Some constables said they submitted their annual budget requests based on the assumption they would retain their rollover funds, only to later discover otherwise. Republican Commissioner Jack Cagle, a critic of the move, has compared the situation to stealing someone’s savings right before their bills are due at the end of the month.
“Now I don’t have the money to pay my bills when the next month rolls around,” Cagle said. “I think that that was not fair to those who are dependent upon their rollover (funds) to come in and take, in essence, their savings account away from them.”
County budget officials note they allowed each department, including constables, to retain unspent funds last year for specific proposals and demonstrated needs, as long as they were used for one-time expenses. They were not allowed to use the funds to pay for personnel, as some constables regularly had done.
When the county ended the rollover policy last year, the eight constables had a collective $18.9 million in unspent funds, mostly accumulated over multiple years, according to the Office of the County Administrator.

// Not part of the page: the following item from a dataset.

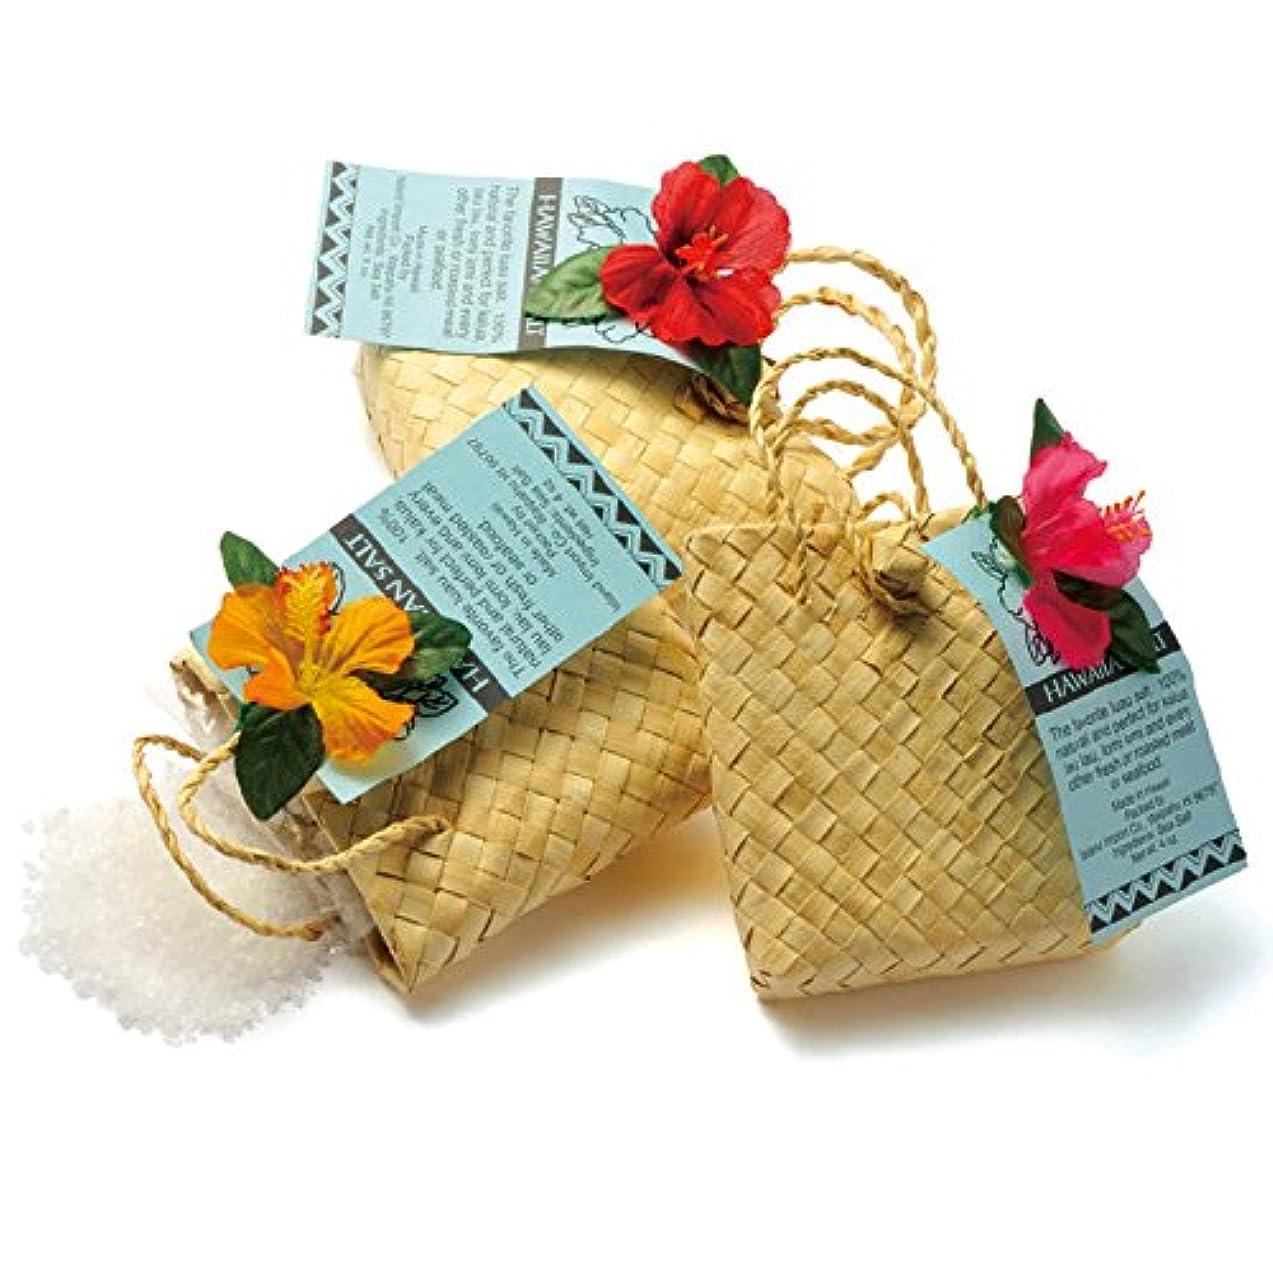 プット耐久時制ハワイ 土産 ハワイ ソルトバッグ入り 3袋セット (海外旅行 ハワイ お土産)

They requested about $5 million in one-time expenses out of those funds, all of which were approved, while the rest were returned to the county, County Administrator David Berry said.

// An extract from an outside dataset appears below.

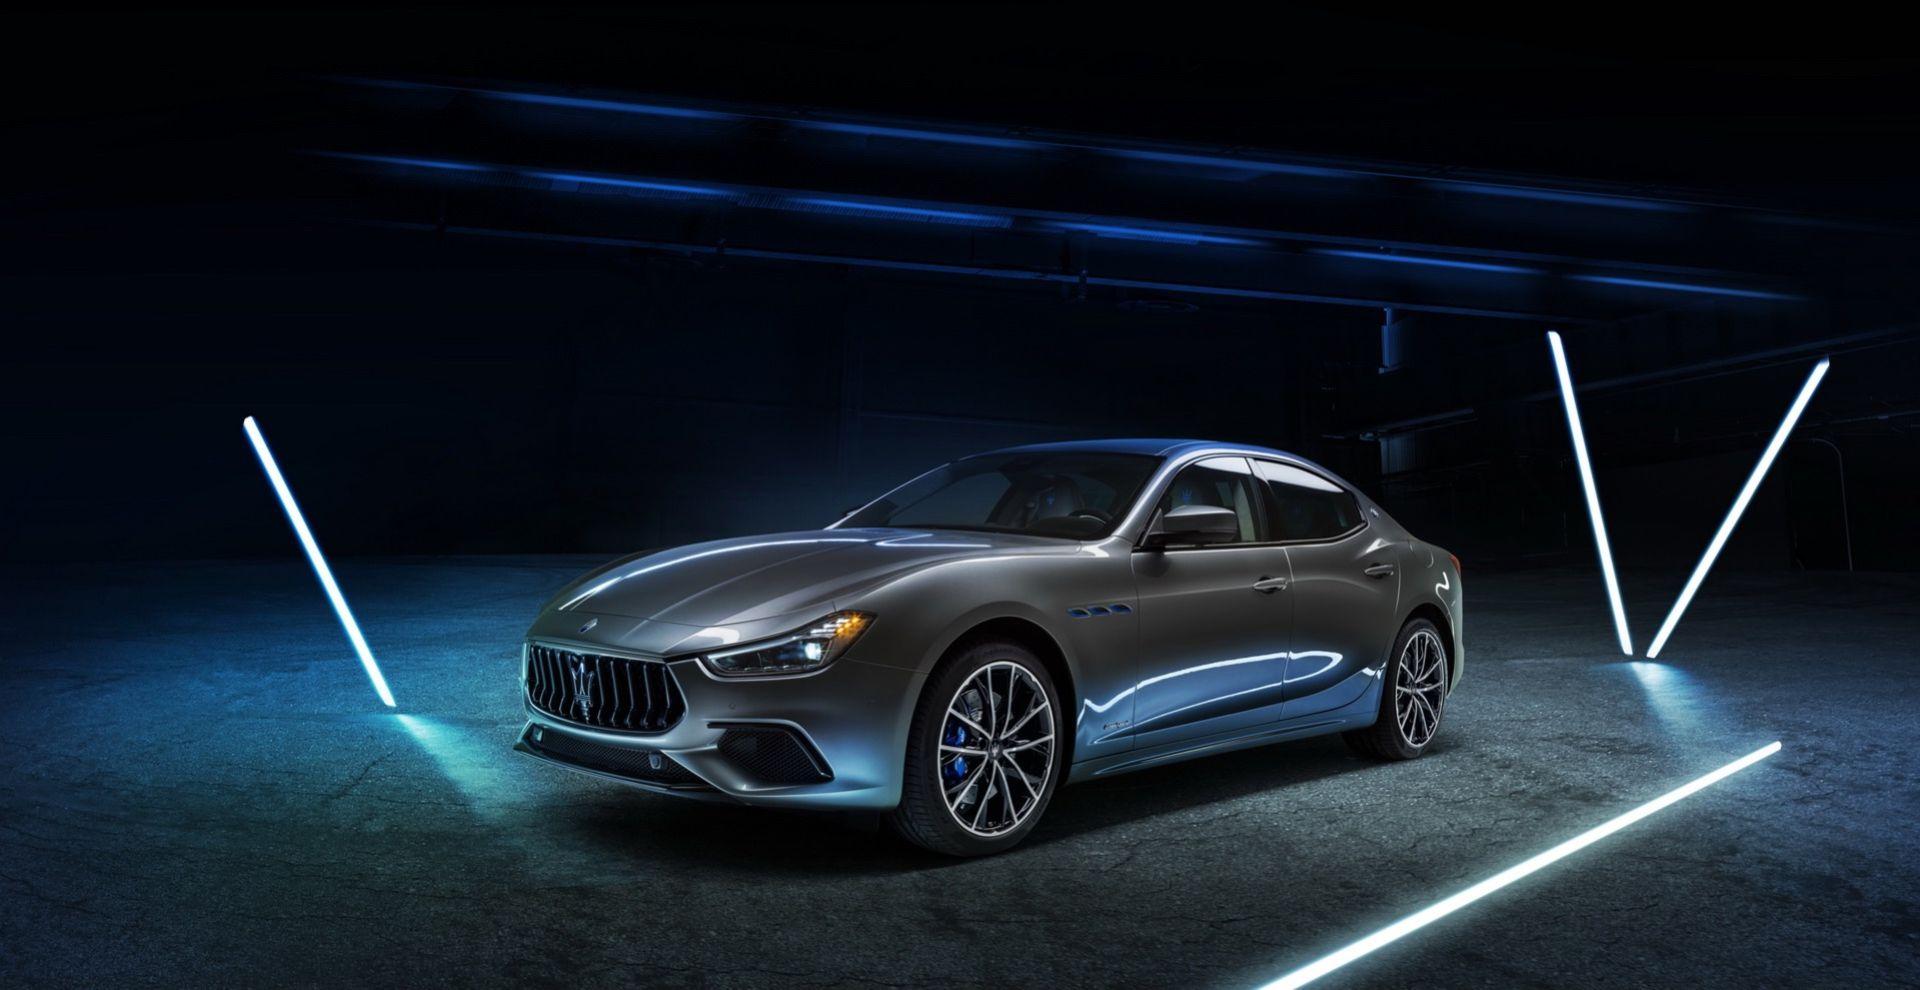 Det här är uppdaterade Maserati Ghibli

Most of the remaining funds came from Republican Constables Mark Herman and Ted Heap, who later filed the complaint that sparked Hegar to weigh in on the issue.
During a court meeting last year, Hidalgo said the policy change was intended in part to end the practice of departments using rollover money to fund baseline operations, including hiring personnel, outside the traditional budgeting process.
“The problem is, if we allow folks to fill unfunded positions that have not been approved as part of the budget, and retroactively say, hey, now I want you to make them permanent, it sets a terrible precedent,” Hidalgo said. “… We cannot set a precedent where folks fill positions that are unfunded, and then expect us to fund them, and if we don’t you call it defunding the police.”
Hidalgo and county budget officials also said Harris County largely was an outlier in allowing departments to keep unspent funds for future budgeting cycles. In a memo last year outlining the change, Berry said some departments were not filling all their funded positions so they could increase their rollover amount.
Commissioners exempt
Former county judge Ed Emmett, a Republican whom Hidalgo unseated in 2018, said he favored the use of rollover budgeting because he thought it incentivized fiscal discipline among departments and discouraged end-of-year spending sprees on unneeded items.
He also took a swing at Hidalgo and Democratic Commissioners Rodney Ellis and Adrian Garcia, without mentioning the latter two by name, for preserving their own rollover funds in the county budget.
“I think Judge Hidalgo and the Democrats would be on firmer ground if they’d done away with their own rollover budgets,” Emmett said. “I mean, how can they say that? It’s an absurd argument to say, oh, rollovers are terrible, but we kept ours. Really?”
Hidalgo and all four commissioners are exempt from the policy change. The proposed county budget for next fiscal year estimates Hidalgo will carry over less than $1 million, while the four commissioners would retain at least $85 million in combined unspent funds.
Emmett said he sides with Mealer and other Republicans who argue the county should be spending more on law enforcement, but he also took issue with Hegar’s intervention in the budgeting process.
“I don’t think the state helps by getting involved, is all I’m saying,” he said. “I think that’s something that the local residents can pick up on.”